Архивозмутительно! Кадры решают все, кадры, а тут набрали остолопов, пораженцев, старорежимную сволочь![1] Никакой революционной сознательности. Необходимо действовать с величайшей быстротой, решительностью и образцовой беспощадностью, шире практиковать расстрелы. Всех сомнительных запереть в концлагерь! И в-третьих, дамокловым мечом висит вопрос о будущем Романовых, который необходимо решить немедленно, не допуская миндальничанья и идиотской волокиты. Архиважно сжечь мосты, отрезать Россию от пути назад, в мерзкое монархическое болото.
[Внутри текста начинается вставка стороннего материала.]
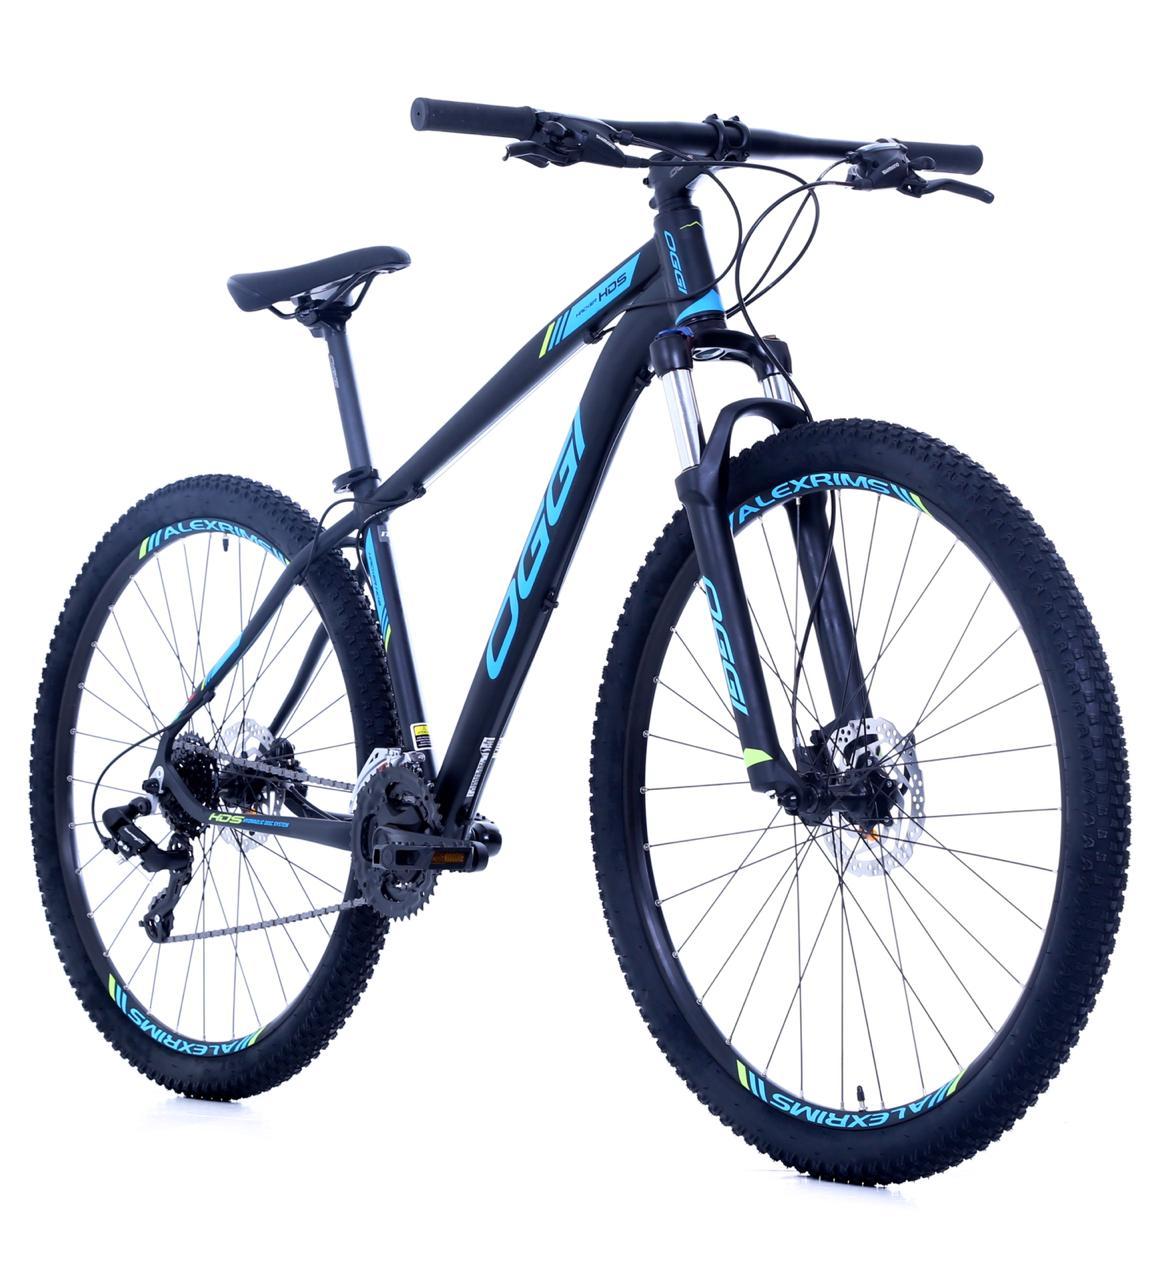 Bicicleta Oggi - Hacker HDS 24v - Preto / Azul / Verde Neon + Brinde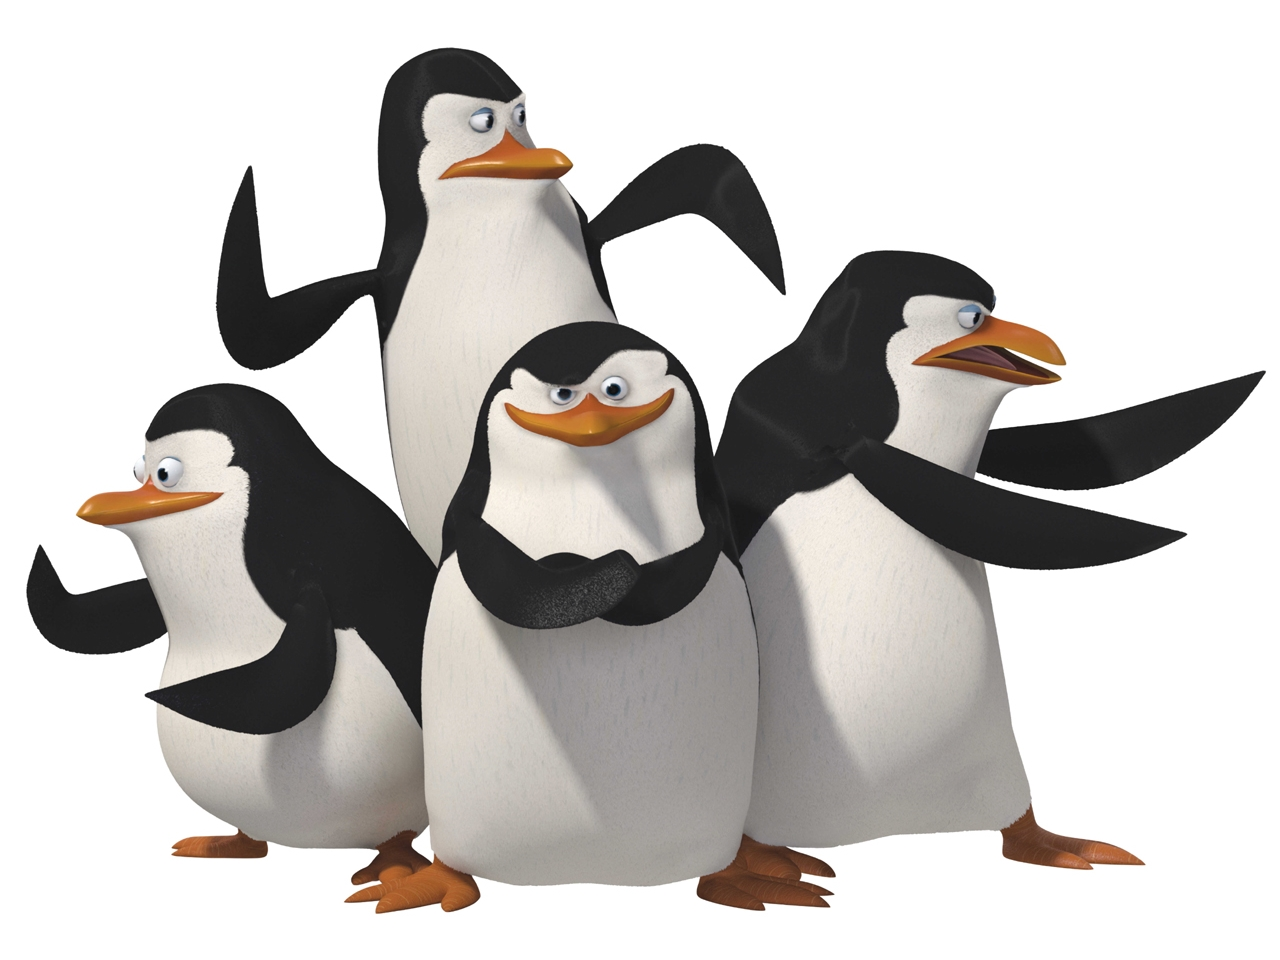 Pinguins of madagascar

Медлить вождь революции не стал. Посовещался с Троцким и Свердловым, поставил на вид Дзержинскому, всыпал по первое число Вацетису. Перечитал настольную книгу – монографию Густава Лебона «Психология толпы», еще раз прошелся карандашом по излюбленным местам. Работа закипела, без слюнтяйства, с революционным задором.
В июне удалось протащить постановление об исключении из состава ВЦИКа эсеров и меньшевиков. Лиха беда начало! У руля государства остались только две партии – большевики и левые эсеры, однако настоящие марксисты не склонны к компромиссам и привыкли брать власть в собственные руки. На открывшемся четвертого июля Пятом съезде Советов Владимир Ильич так и сказал:
– Левые социал-революционеры партия предательская и окончательно погибшая. Они шли в комнату, а попали в другую. Скатертью дорожка. Это не ссора, это окончательный разрыв.
В общем, лакеи, прислужники буржуазии, политические проститутки.
Железный Феликс тоже не сидел без дела. Шестого июля сотрудниками ВЧК Блюмкиным и Андреевым был убит германский посол Мирбах. Чтобы встретиться с ним, они предъявили мандат за подписью Дзержинского с печатью ВЧК, хранившейся у заместителя Феликса Эдмундовича левого эсера Александровича. Когда началась паника, убийцы скрылись, зачем-то оставив на видном месте все документы. К слову сказать, Блюмкин и Андреев были тоже левыми эсерами.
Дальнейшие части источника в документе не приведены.